65 years ago today, I was confirmed. Confirmation is officially the second of the Catholic Church's seven sacraments, although in contemporary Catholic practice it is typically the fourth, perhaps one of the many mistakes we continue to make regarding this sacrament. In the above photo from my confirmation day in 1957, we were all in two lines (as we so often were in those days), wearing our Confirmation gowns (red for boys, white for girls) and holding our all-important name cards. I guess I was looking directly at some family member holding a camera - all the while very attentively guarding my name card. Whatever its theological and sacramental significance, I personally experienced confirmation primarily as just another life-cycle celebration, a "rite of passage" (a term with which I was then surely still unacquainted). Indeed, some years later at my 8th-grade Baccalaureate Mass, the priest referred to confirmation as "something that just happened to you when you reached a certain age" (in contrast to our graduation which, he suggested, represented more of an actual accomplishment on our part). 
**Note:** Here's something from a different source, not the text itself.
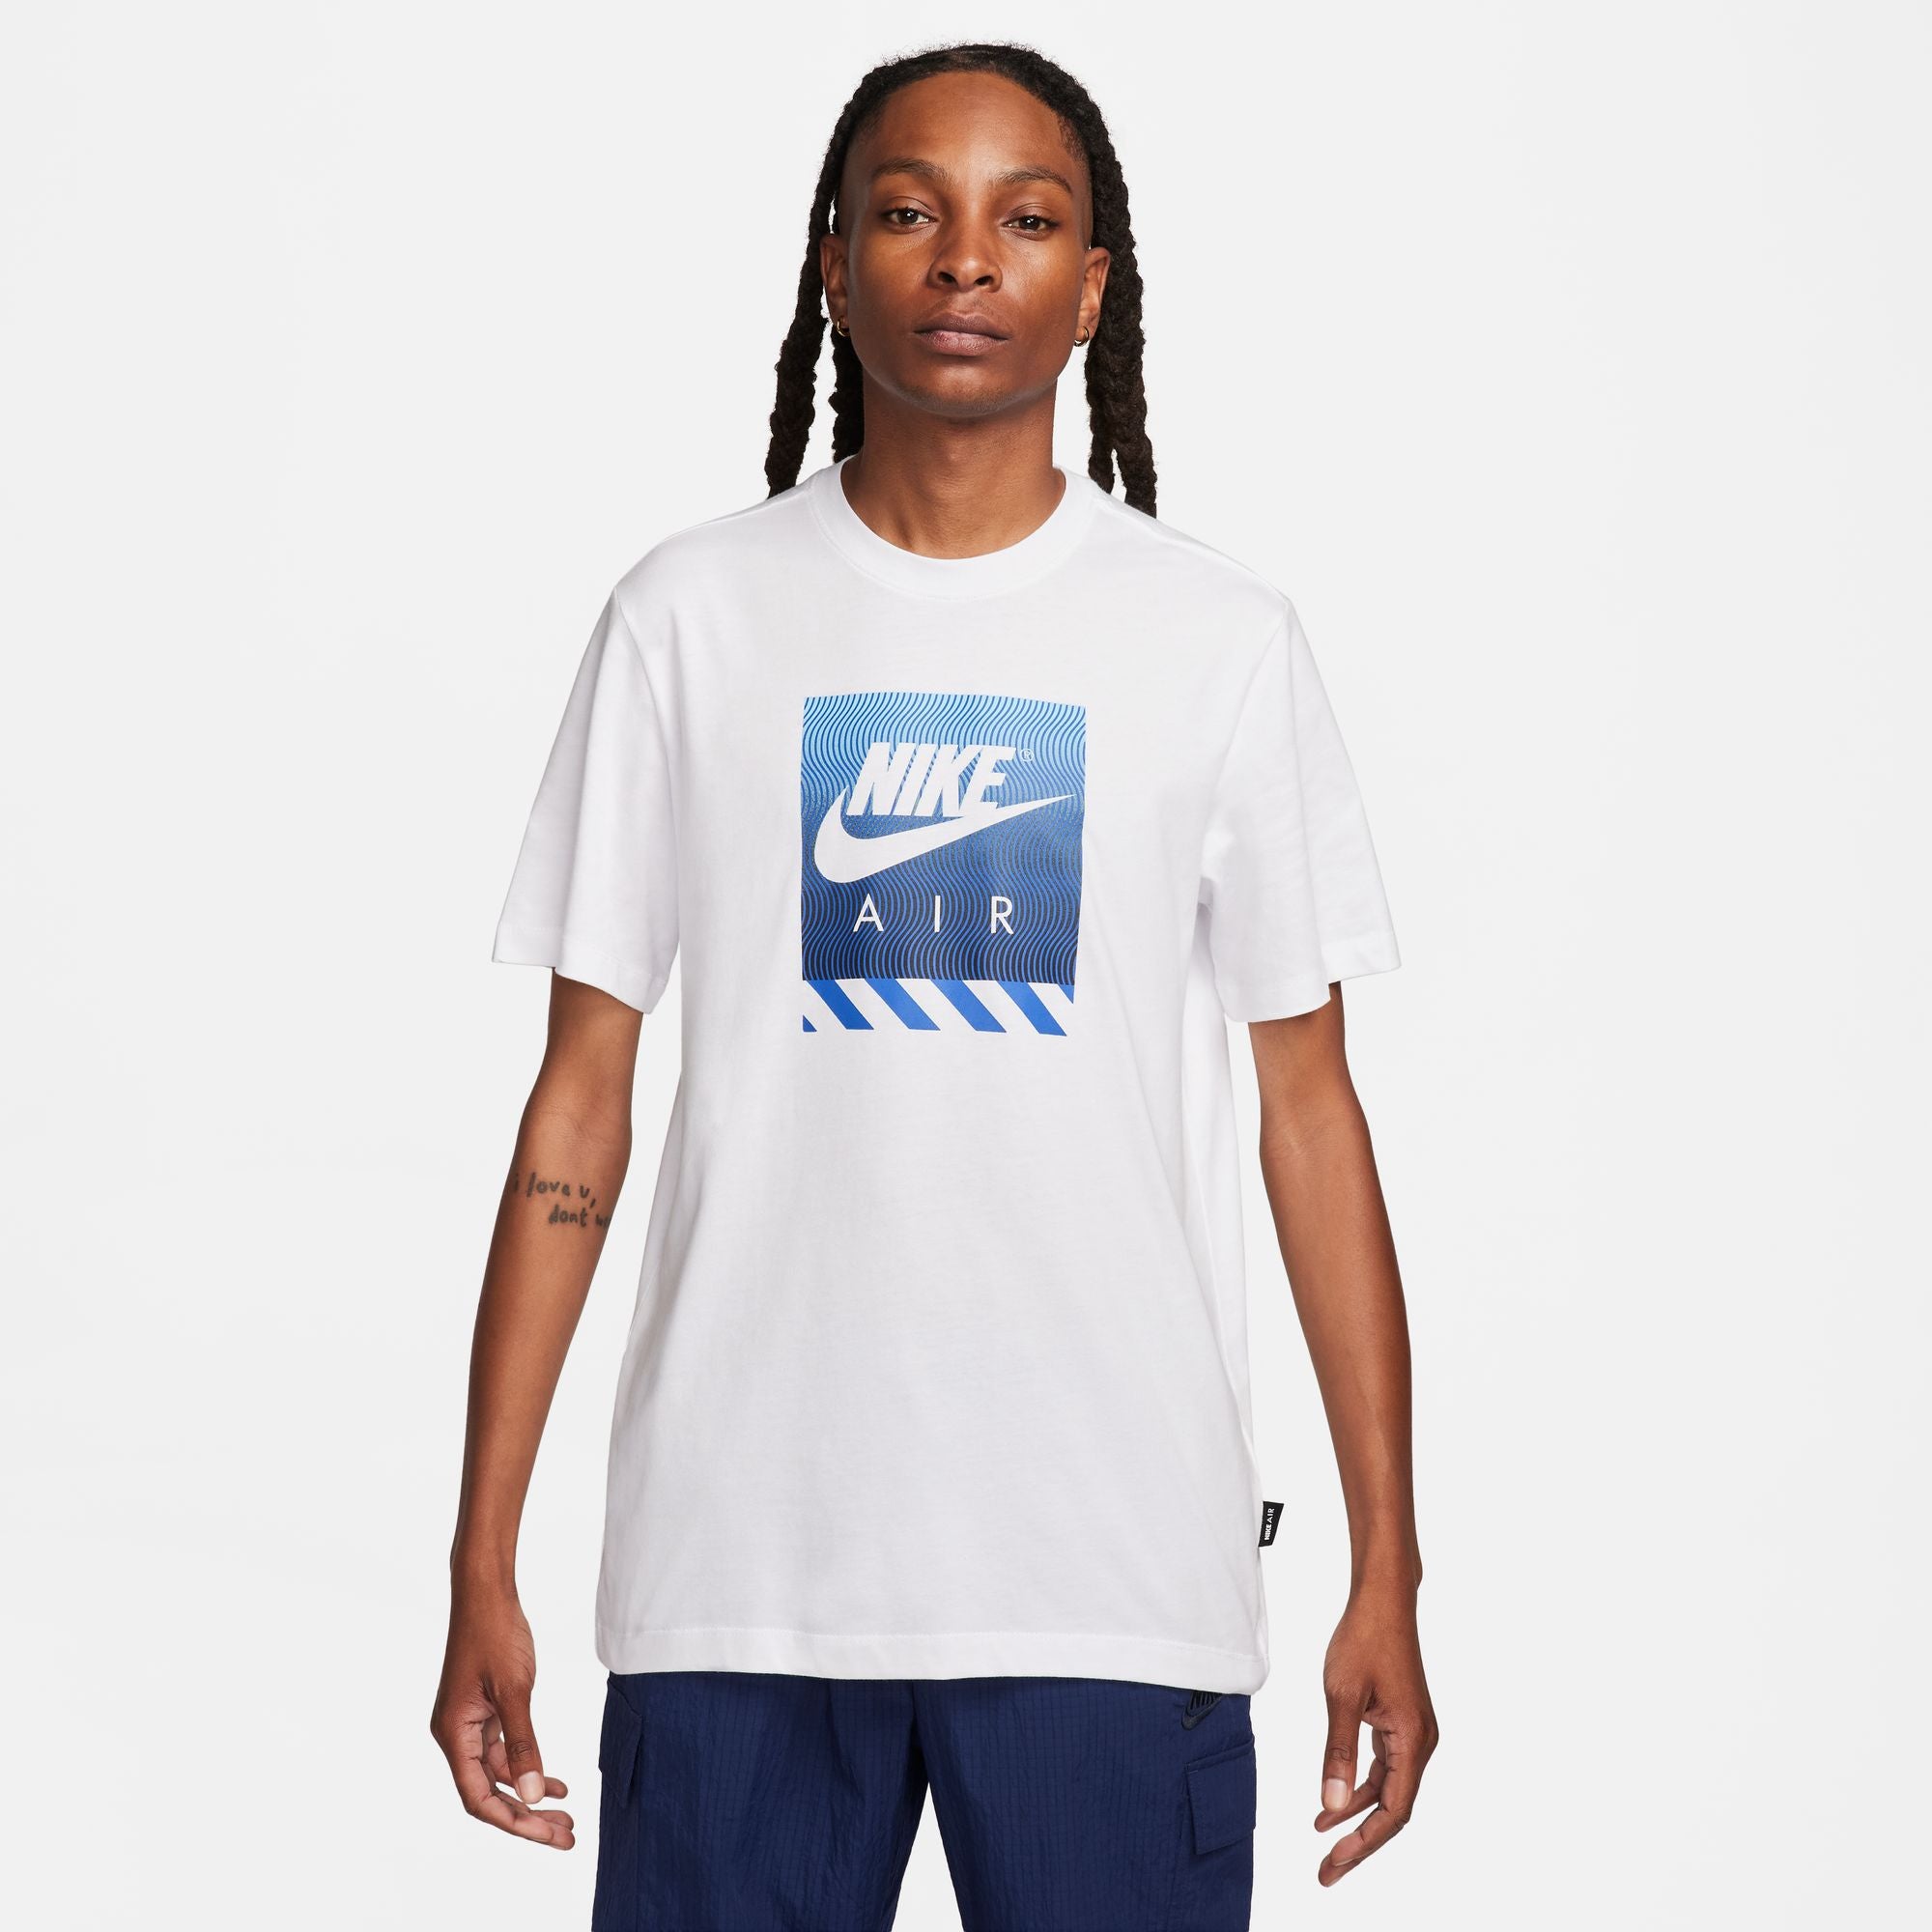 MENS NSW CONNECT T-SHIRT (WHITE)

According to the Baltimore Catechism, question 330, which we faithfully memorized, "Confirmation is the sacrament through which the Holy Ghost comes to us in a special way to enable us to profess our faith as strong and perfect Christians and soldiers of Jesus Christ."
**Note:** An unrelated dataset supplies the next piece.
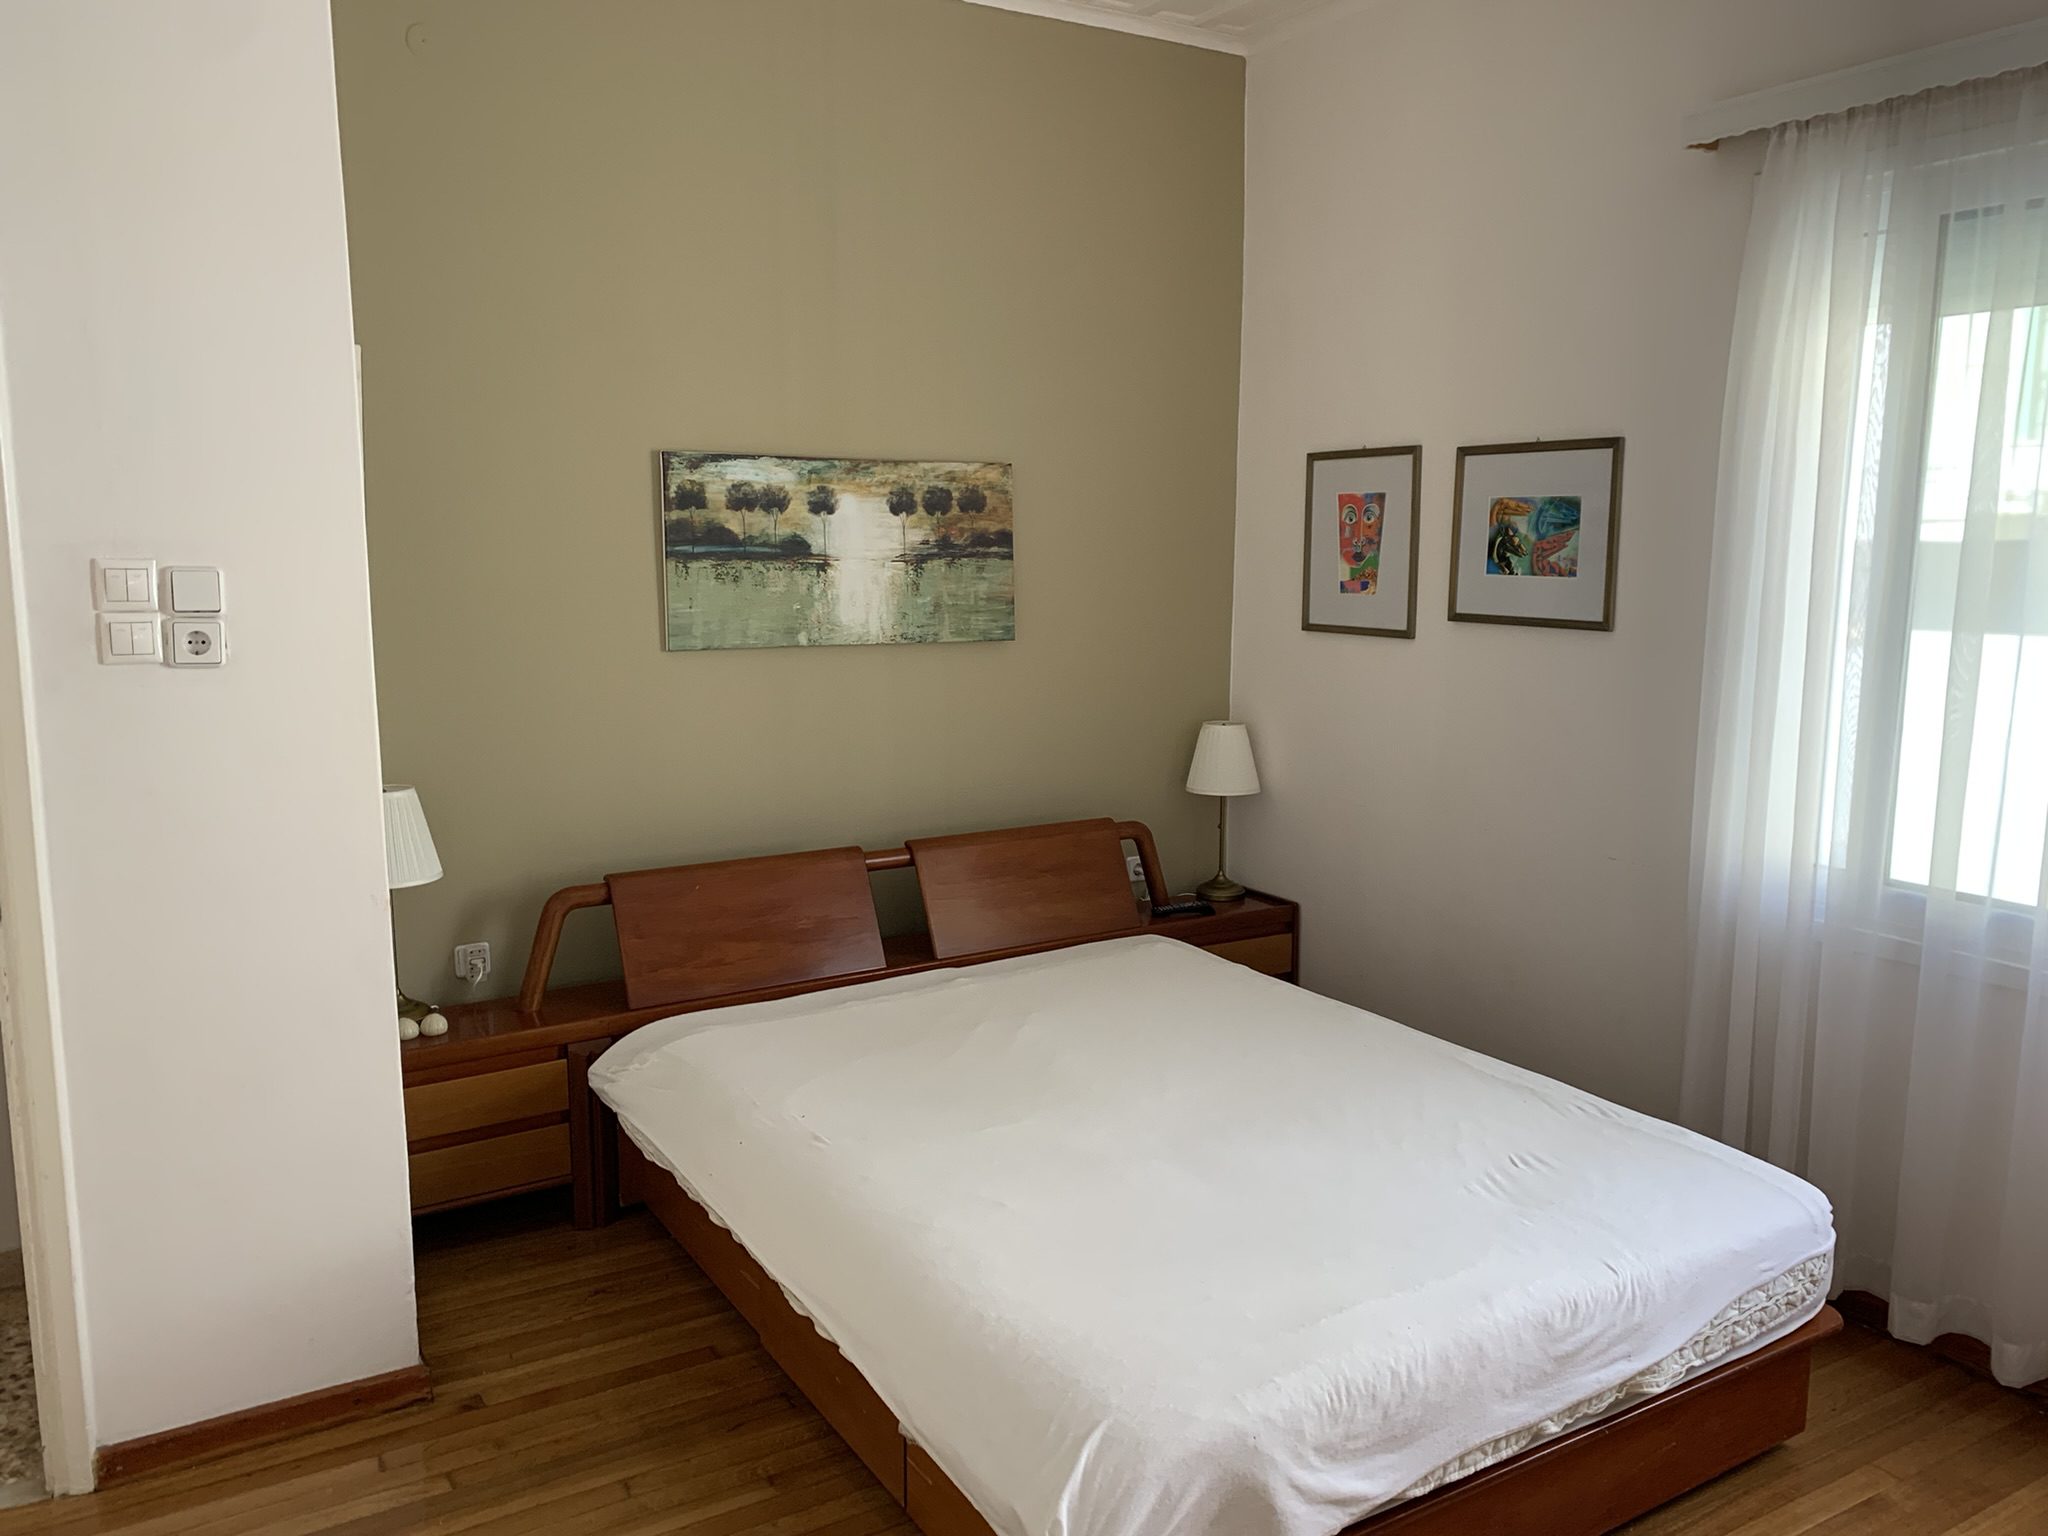 Bedroom of house for rent in Ithaca Greece, Vathi

Whatever that actually meant may have been less than completely clear to me at the time. What was particularly important to me about my my confirmation was that I got to choose a confirmation name. I chose Michael for my confirmation name, because I was attracted by the bellicose militaristic image of Michael the Archangel in the prayer which we then regularly recited as part of the so-called “Leonine Prayers for Russia” recited after Low Mass. Because that was what I cared the most about, that is the part of the ceremony that I best remember.
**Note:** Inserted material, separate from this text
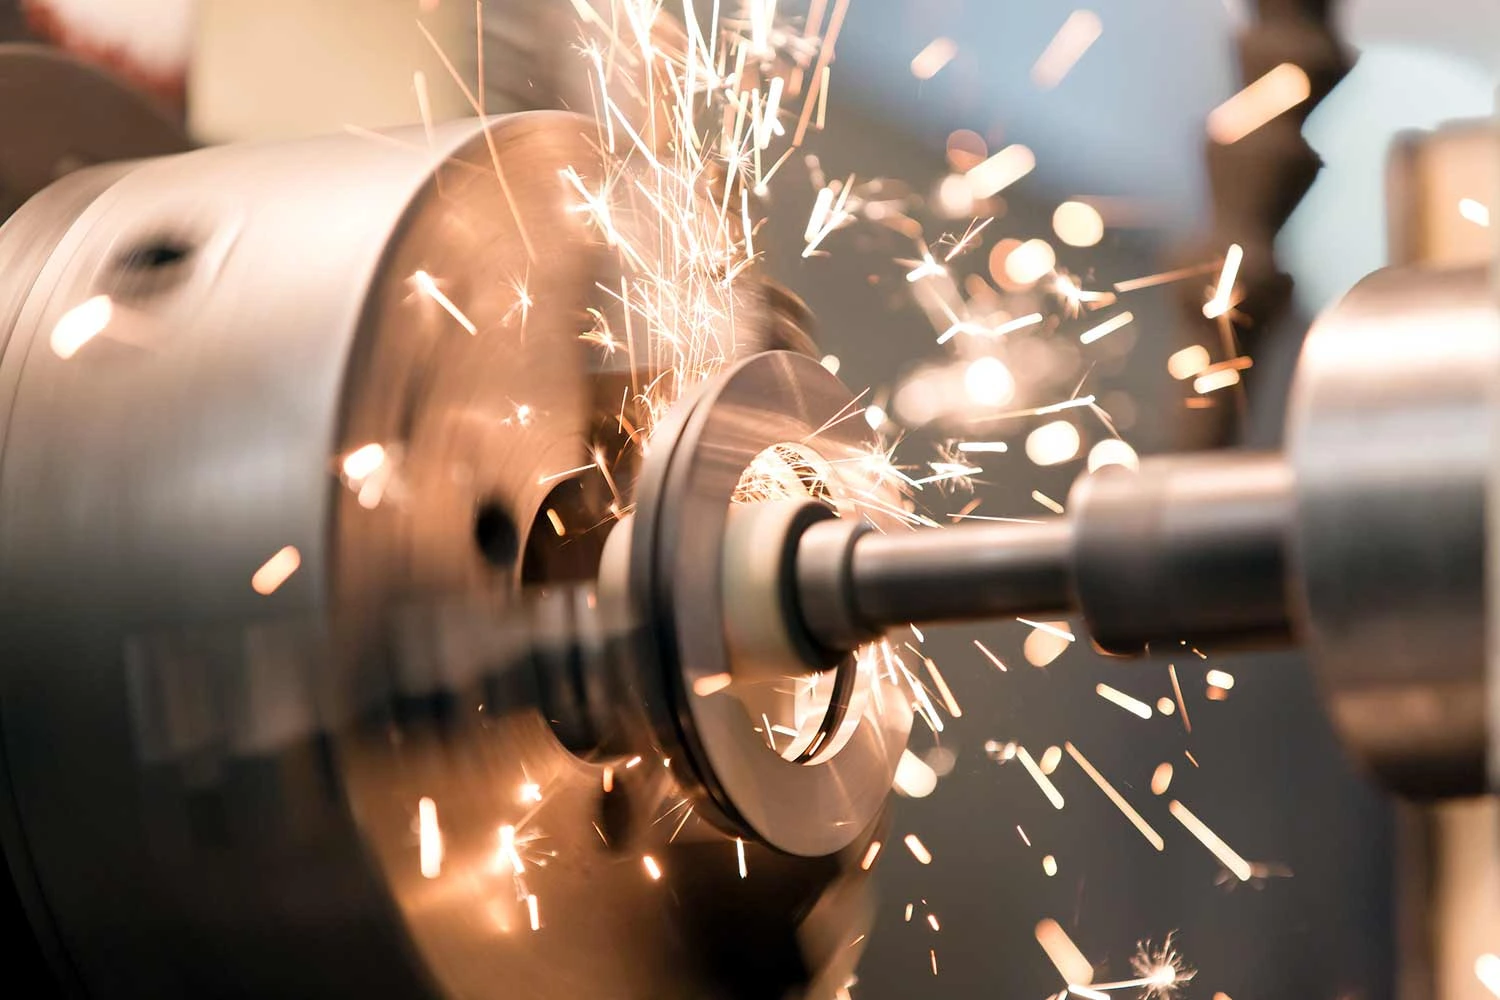 Metalworking industry: finishing metal working internal steel surface on lathe grinder machine with flying sparks

Thus, when my turn came to kneel before the Bishop on his faldstool in front of the High Altar, a priest took the card out of my hand and announced my confirmation name to the Bishop (in what I would later learn was the nominative case). The Bishop then addressed me (in what I would later learn was the vocative case): Michael, Signo te signo crucis; et confirmo te chrismate salutis. In nomine Patris, et Filii, et Spiritus Sancti. ("Michael, I sign you with the sign of the cross and I confirm you with the chrism of salvation, in the name of the Father and of the Son and of the Holy Spirit.") And that was it! Perhaps because we were so many, or perhaps because the Bishop was a foreigner, there were no Bishop's questions to terrify us.  Once we were all confirmed, we recited some prayers together and left the church in the same orderly way we had entered (minus the name card). An irreverent observer (had there been any present) might have wondered what the fuss was all about.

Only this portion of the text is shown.